_Dataset excerpt_.
::::

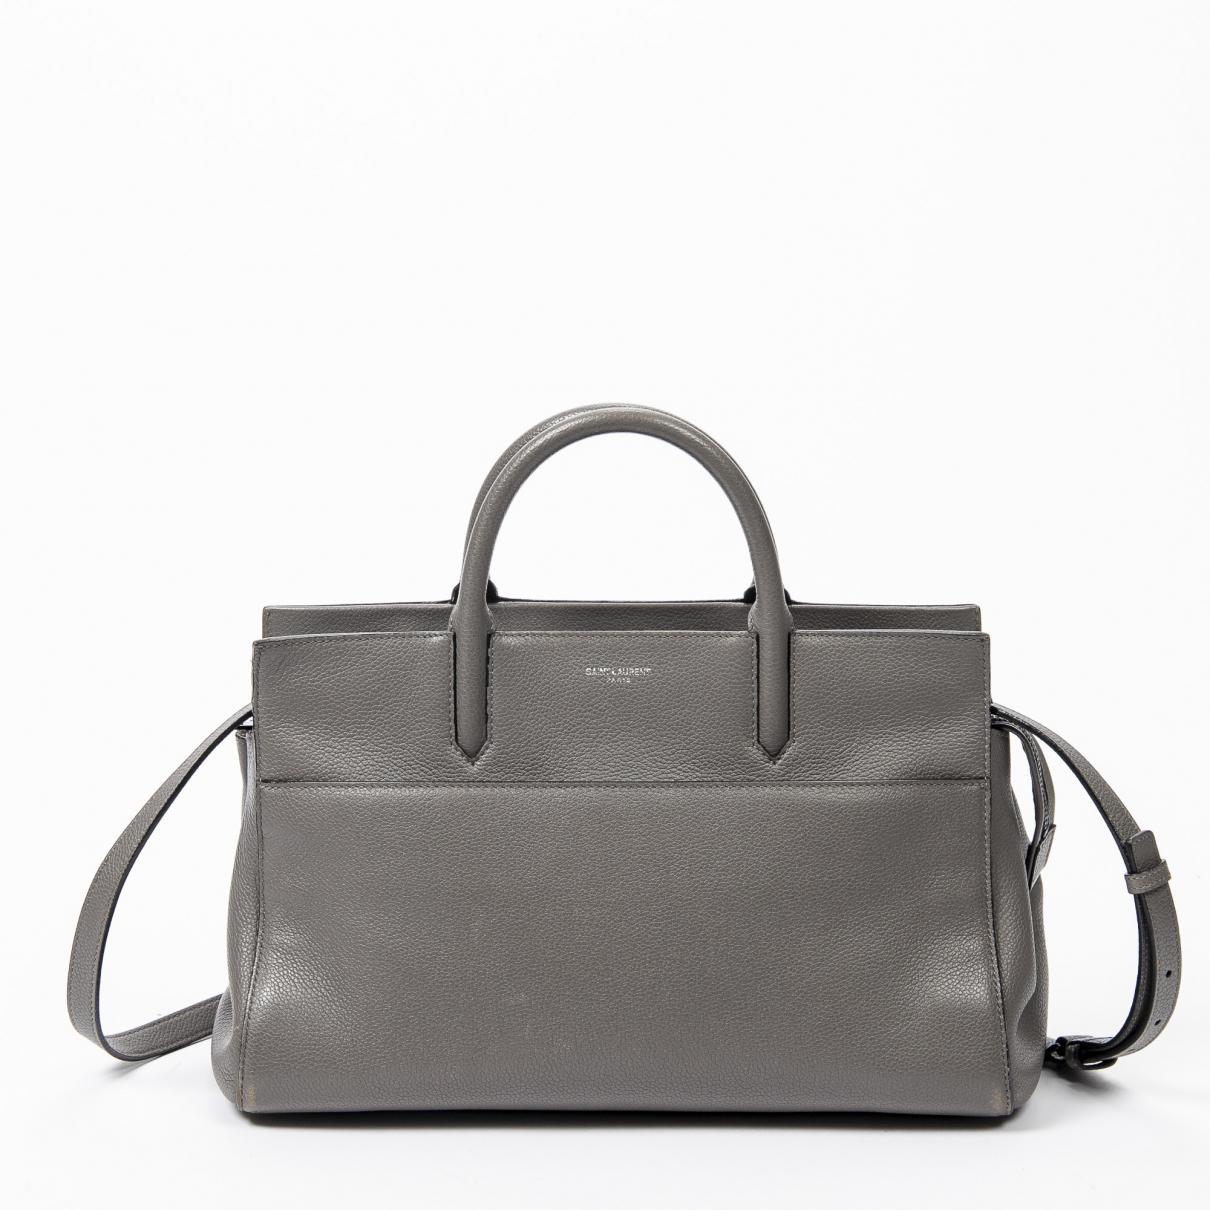 Yves Saint Laurent - Sac a main   pour femme en cuir - gris
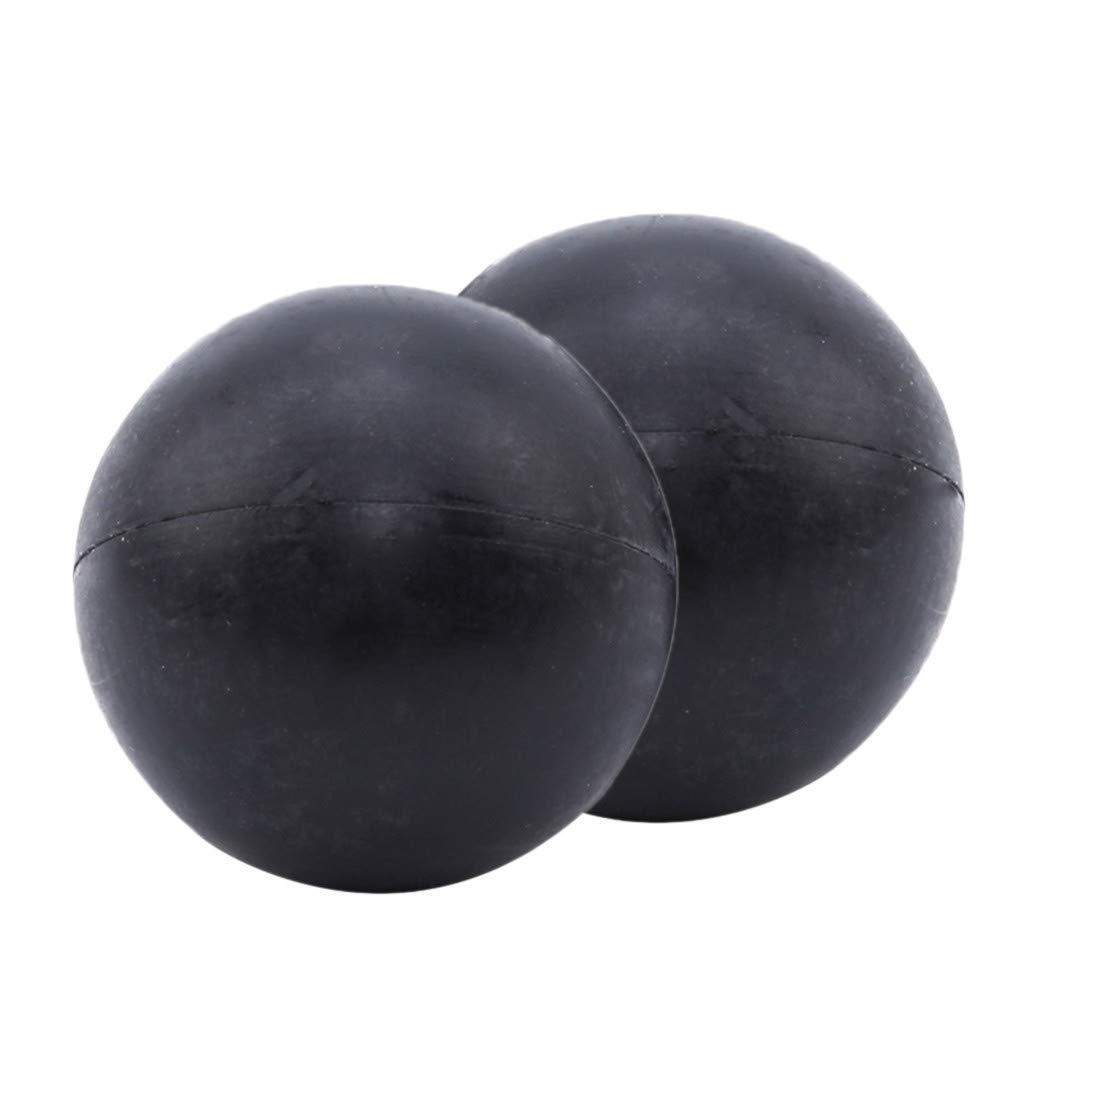 Yingwei VWH Puissance Mentale Test Ball Bounce No Bounce Ball Close Up Tour de Magie mentalisme Props Com/édie Joke Fun Magia Classique Jouet
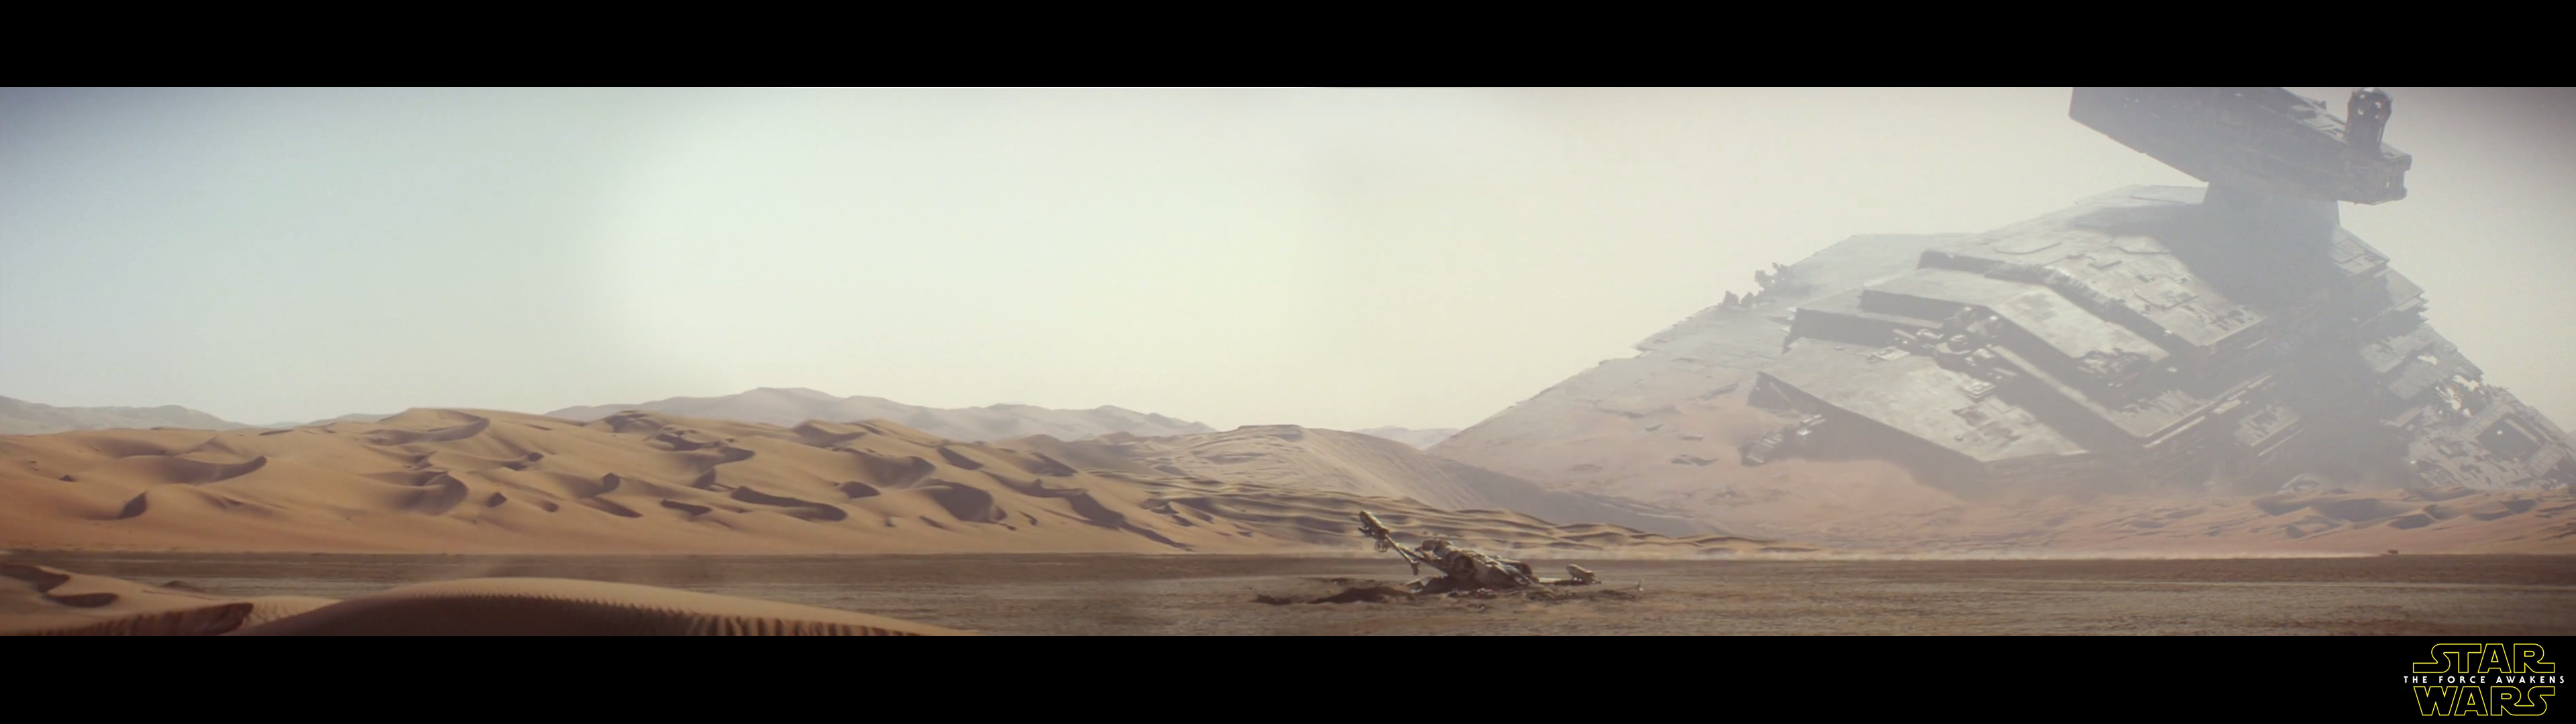 Star Wars Dual Screen Monitors 3840x1080

::::

_Action item_. From the first line to the last, output the data exactly, without the pictures.

_Final answer_.
 Yves Saint Laurent - Sac a main   pour femme en cuir - gris
 Yingwei VWH Puissance Mentale Test Ball Bounce No Bounce Ball Close Up Tour de Magie mentalisme Props Com/édie Joke Fun Magia Classique Jouet
 Star Wars Dual Screen Monitors 3840x1080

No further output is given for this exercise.